Find more tips from Upgrading and Repairing PCs here.

From the book

One way of making sense out of the confusing morass of plans available from cable modem, DSL, fixed wireless Internet, and satellite vendors is to calculate the average cost per Mbps of data downloaded ($/Mbps). You can calculate this figure yourself by dividing the service cost per month by the rated or average speed of the service:

    Cost ($) / Speed (Mbps) = $/Mbps

You can use this formula with any broadband or dial-up service to find the best values. Note that this simple calculation doesn’t take into account the cost of any required equipment, such as modems, filters, satellite dishes, activation fees, and so on. If you must pay extra for equipment or installation upfront, divide the upfront cost by the number of months you plan to keep the service and add the result to the monthly service charge to get an accurate figure.

For example, if cable modem service costs around $45 per month and has an average (not peak) speed of 12Mbps, divide $45 by 12Mbps, and the cost is $3.75 per Mbps. The only extra equipment generally required is a cable modem, which you can purchase for around $50 or rent for around $5 per month.

By comparison, a typical DSL service can cost around $20 per month (it can be as low as $10 per month if you qualify for that rate) and has a speed of 0.768Mbps. Divide $20 by 0.768Mbps, and the cost is $26 per Mbps, or only $13 per Mbps at the $10 rate. The only extra equipment generally required is a DSL modem and some microfilters, which you can purchase for around $50 or rent for around $5 per month.
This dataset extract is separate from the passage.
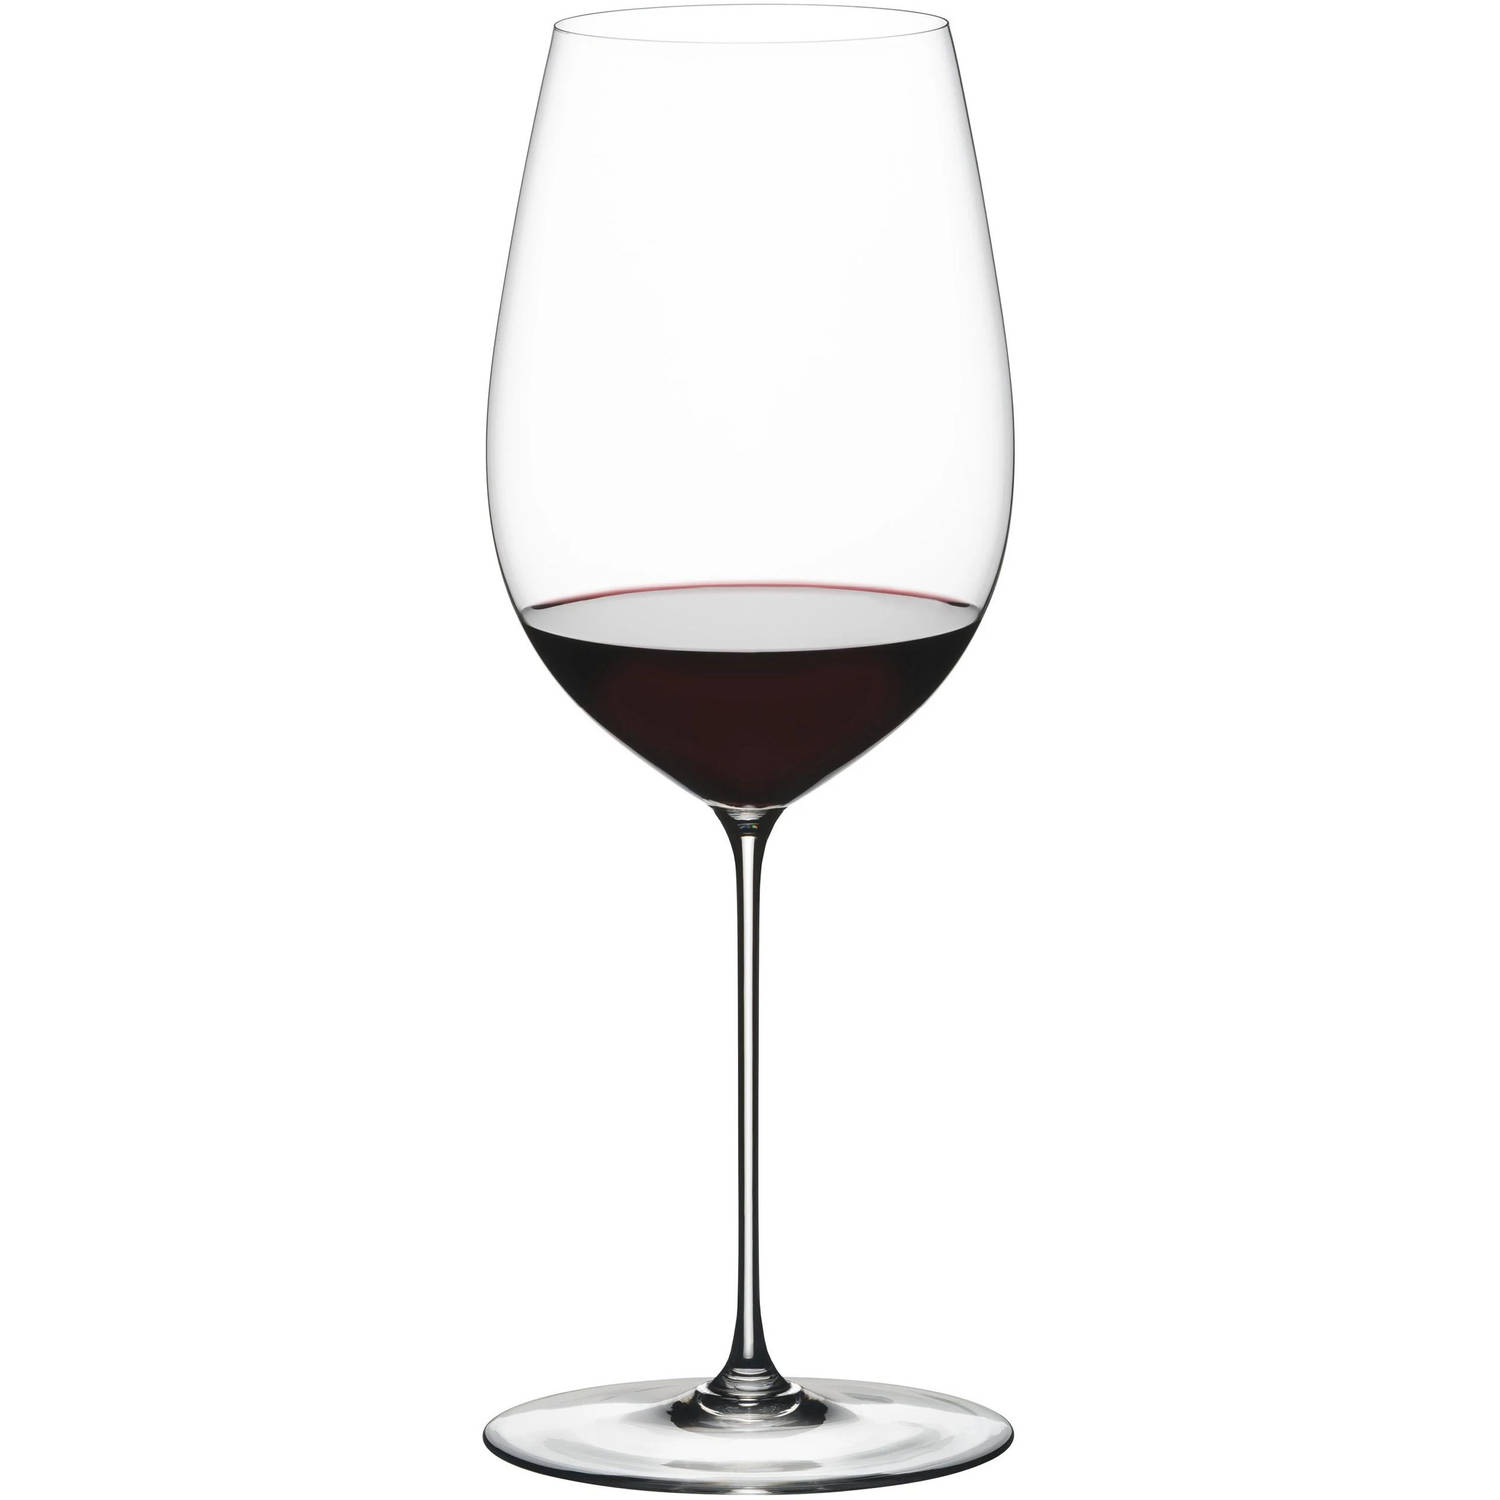 Riedel Rode Wijnglas Superleggero Bordeaux Grand Cru

How does a typical 56Kbps modem compare, assuming 50Kbps (0.05Mbps) download speeds? Using the Platinum dial-up service from NetZero ($11.95 per month), the cost works out to $239 per Mbps. That is 64 times more money per Mbps for service that is hundreds of times slower than a typical cable modem. NetZero also offers DSL in some areas with a maximum speed of up to 6Mbps (varies by location) for $11.95 per month.

The services offered in my area stack up as shown in Table 15.2, listed from slowest to fastest download speed. Note that WISP service is not listed, as it varies widely in availability and price.

Table 15.2 Comparing Connection Types and Speeds

Connection Type

Download/Upload Speed (Mbps)

Dial-up

0.05/0.03

Basic DSL

1.5/0.384

Basic satellite

5.0/1.0

Basic cable

15/1.0

Premium satellite

15/2

Premium DSL

24/1.5

Premium cable

110/5

The values in Table 15.2 indicate the connection types and speeds available in my area; the offerings and speeds available in your area may vary.